On Tue, Jul 22, 2008 at 05:59:17PM -0500, Ketan M. wrote:

My colleague Steve and I have been working with the inband receive
code in an effort to understand how the timestamps work. Specifically,
we have been printing the timestamps from the usrp_rx block while
running test_usrp_inband_2rx.cc in usrp/host/apps-inband. There is
some puzzling behavior that we have observed and unable to explain. We
are operating with a decimation rate of 64 (i.e. a 1 MHz sample rate).

Note, this is using the gnuradio trunk rev 8586, with the
gnuradio/trunk/usrp/ code unchanged except to print timestamp data in
usrp_rx.cc. There don’t seem to be any major changes since this revision.

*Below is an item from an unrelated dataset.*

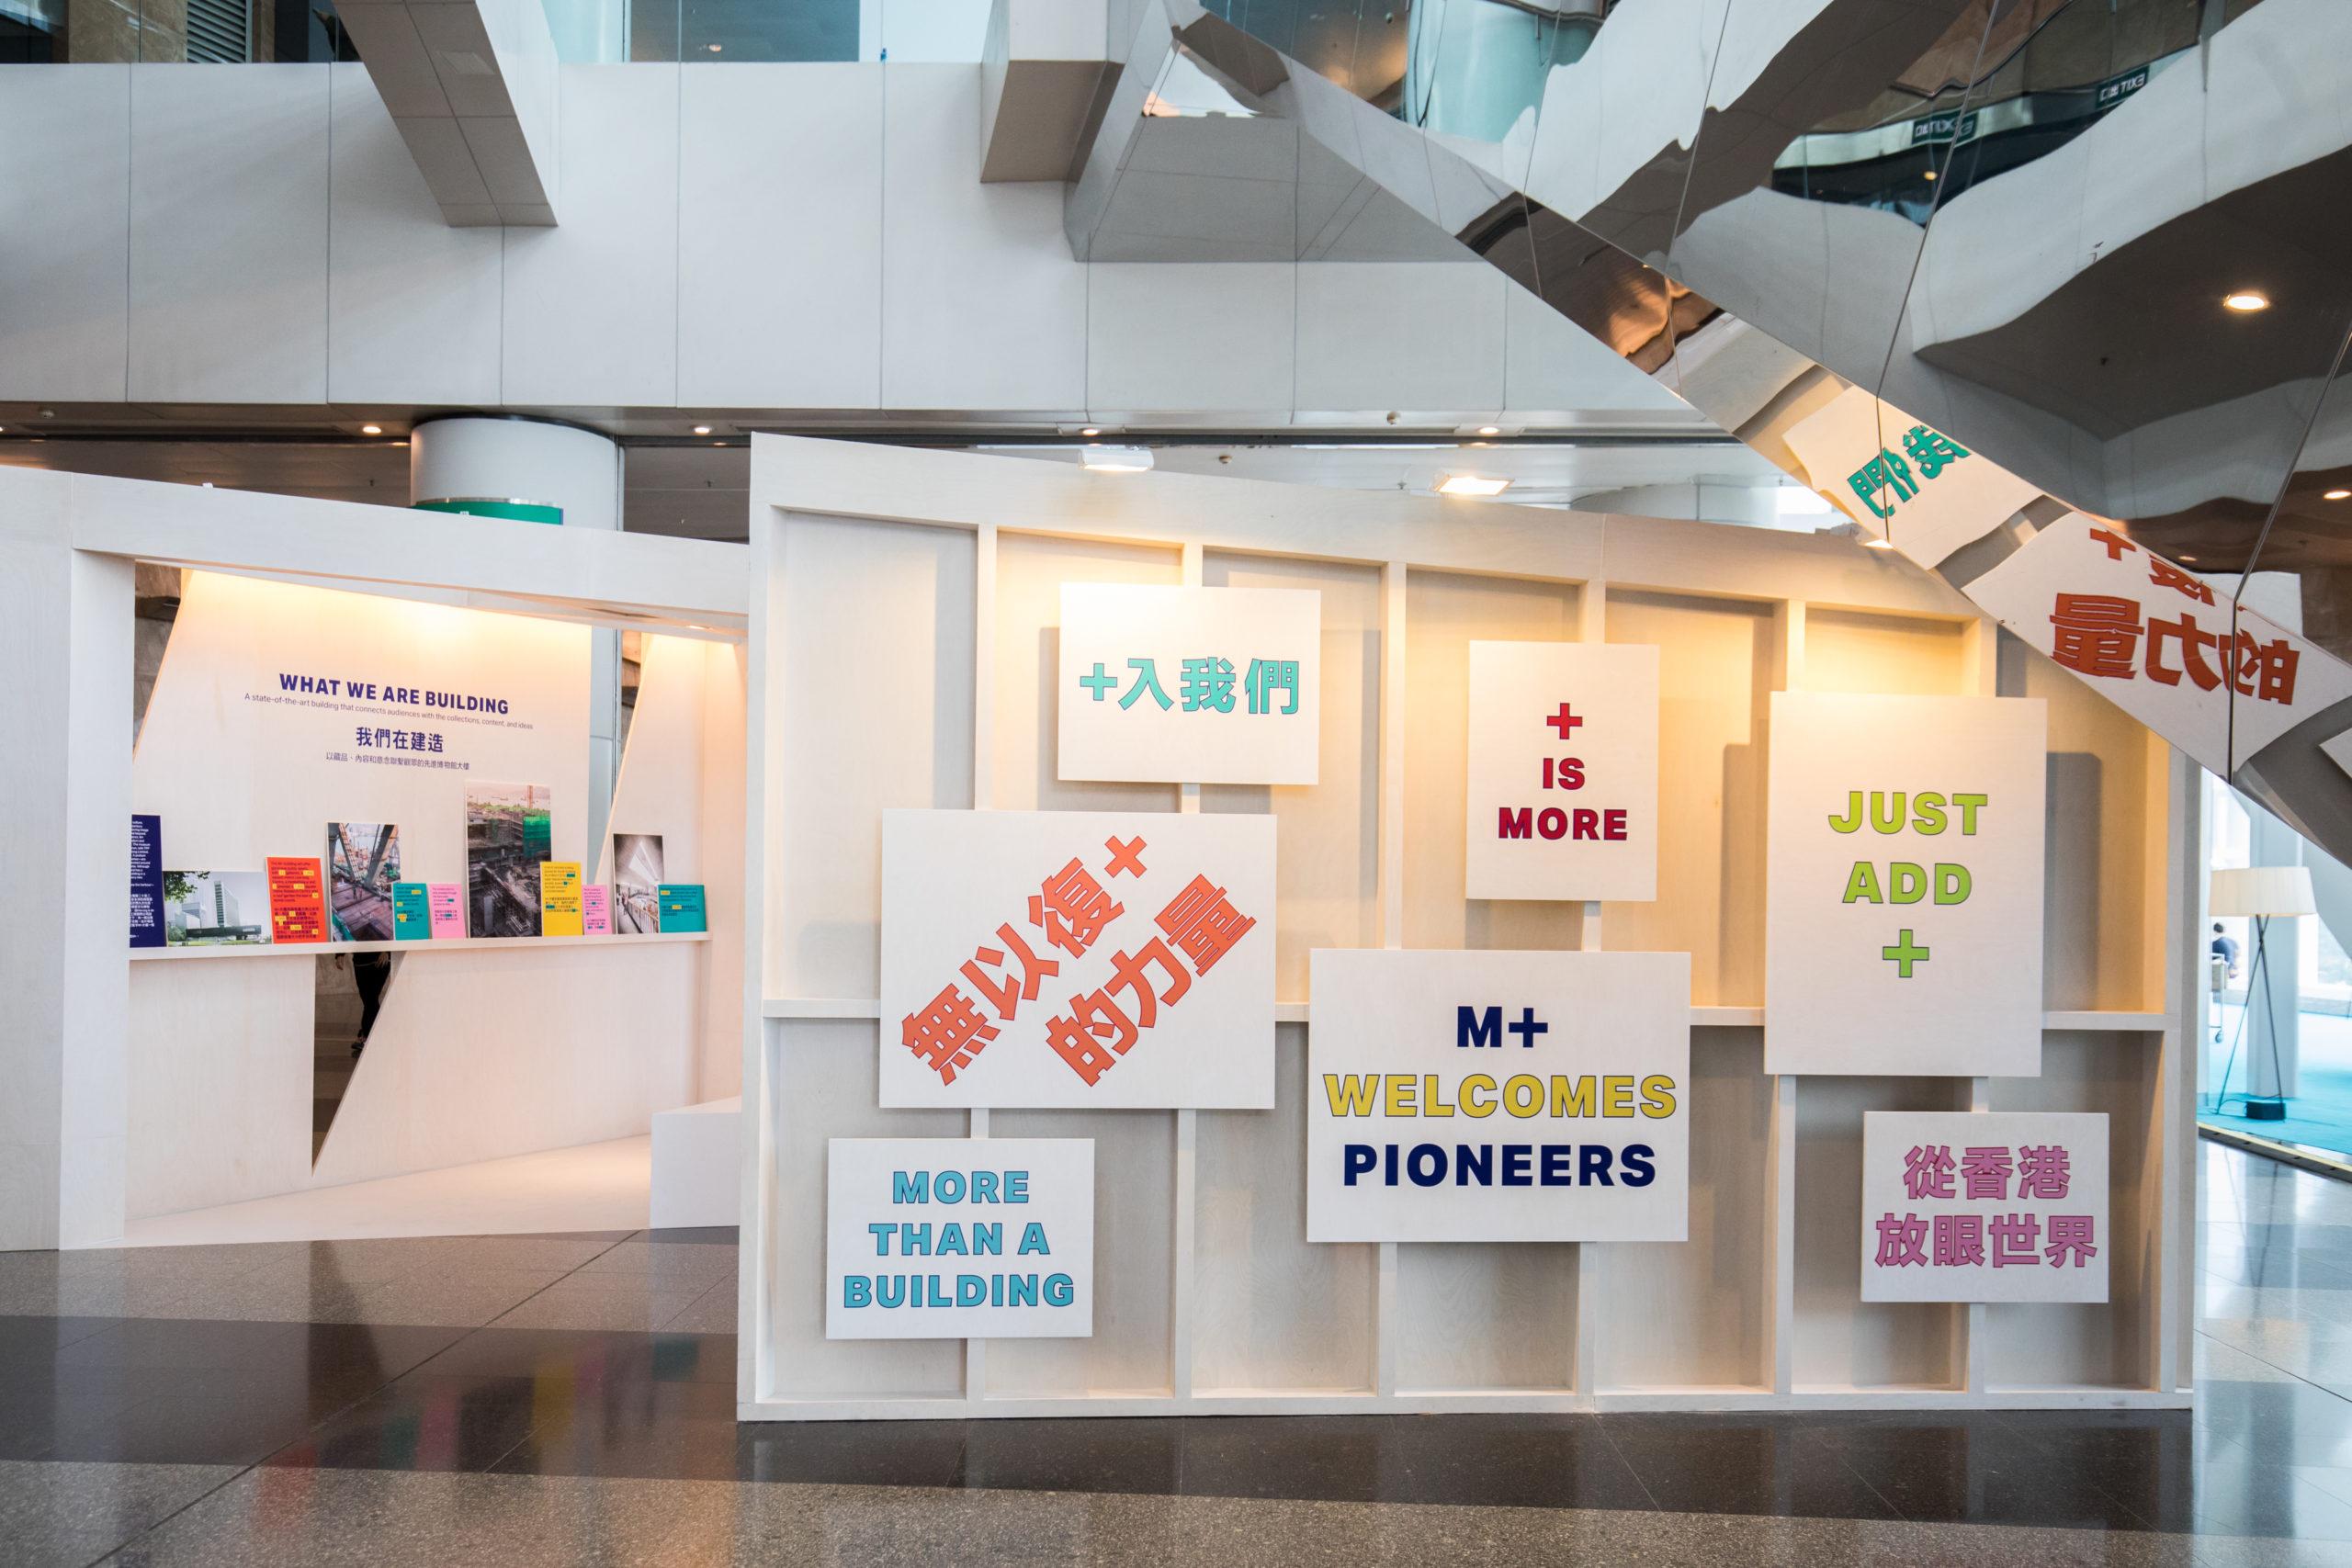 spatial practice architecture office Los Angeles Hong Kong museum plus pavilion art basel hong kong view escalator

Paging George N.,… Paging George N…
Please come to the white courtesy telephone…

Eric

ketancmaheshwari · July 23, 2008, 8:15pm

Hi George,

Thanks for the quick and thought-out response. I actually tried with
the new rbf yesterday. It produces no noticeable differences in the
output I’m interested in at this point.

Second, we are not seeing any underrun. I have verified this in two
ways. First, I check pkt->underrun() after reading the packet in
usrp_rx.cc. Second, I logged the packets to file, ran ./read_packets
(redirecting output to another file), and did a
case-insensitive grep of that new file for “underrun”. Nothing ever
comes up.

However, to see if the usrp_rx mblock is being starved, I turned on
some verbose printing in the usrp_server and usrp_usb_interface. The
following is a typical sequence:

(also, long reads by the usrp_rx are often preceded by long gaps where
the usrp_rx is not executing)

In short, it appears as if the timestamp spike is occurring in the
middle of a string of successive packets read from the usrp without
context switching.

Anyway, I figured one solution might be to have the usrp_rx do an
omni_thread::yield() operation after reading several packets. I tried
this out with various numbers of maximum iterations of the while loop
(80, 30, 8), and the problem persists. It seems to happen in the
middle of the longest burst of packets, if that makes sense. So if I
yield after 80 packets, the timestamp will spike around the 47th
packet. If I yield after 30 packets, the timestamp spikes at around
the 12th packet.

The strange thing to us is that the timestamp spike invariably changes
the “steady state” operation of the timestamp offset between the two
channels. This says “FPGA” to us, especially since we aren’t getting
an underrun flag.

Steve

ketancmaheshwari · July 23, 2008, 5:47am

Eric B. wrote:

usrp_rx.cc. There don’t seem to be any major changes since this revision.

Paging George N.,… Paging George N…
Please come to the white courtesy telephone…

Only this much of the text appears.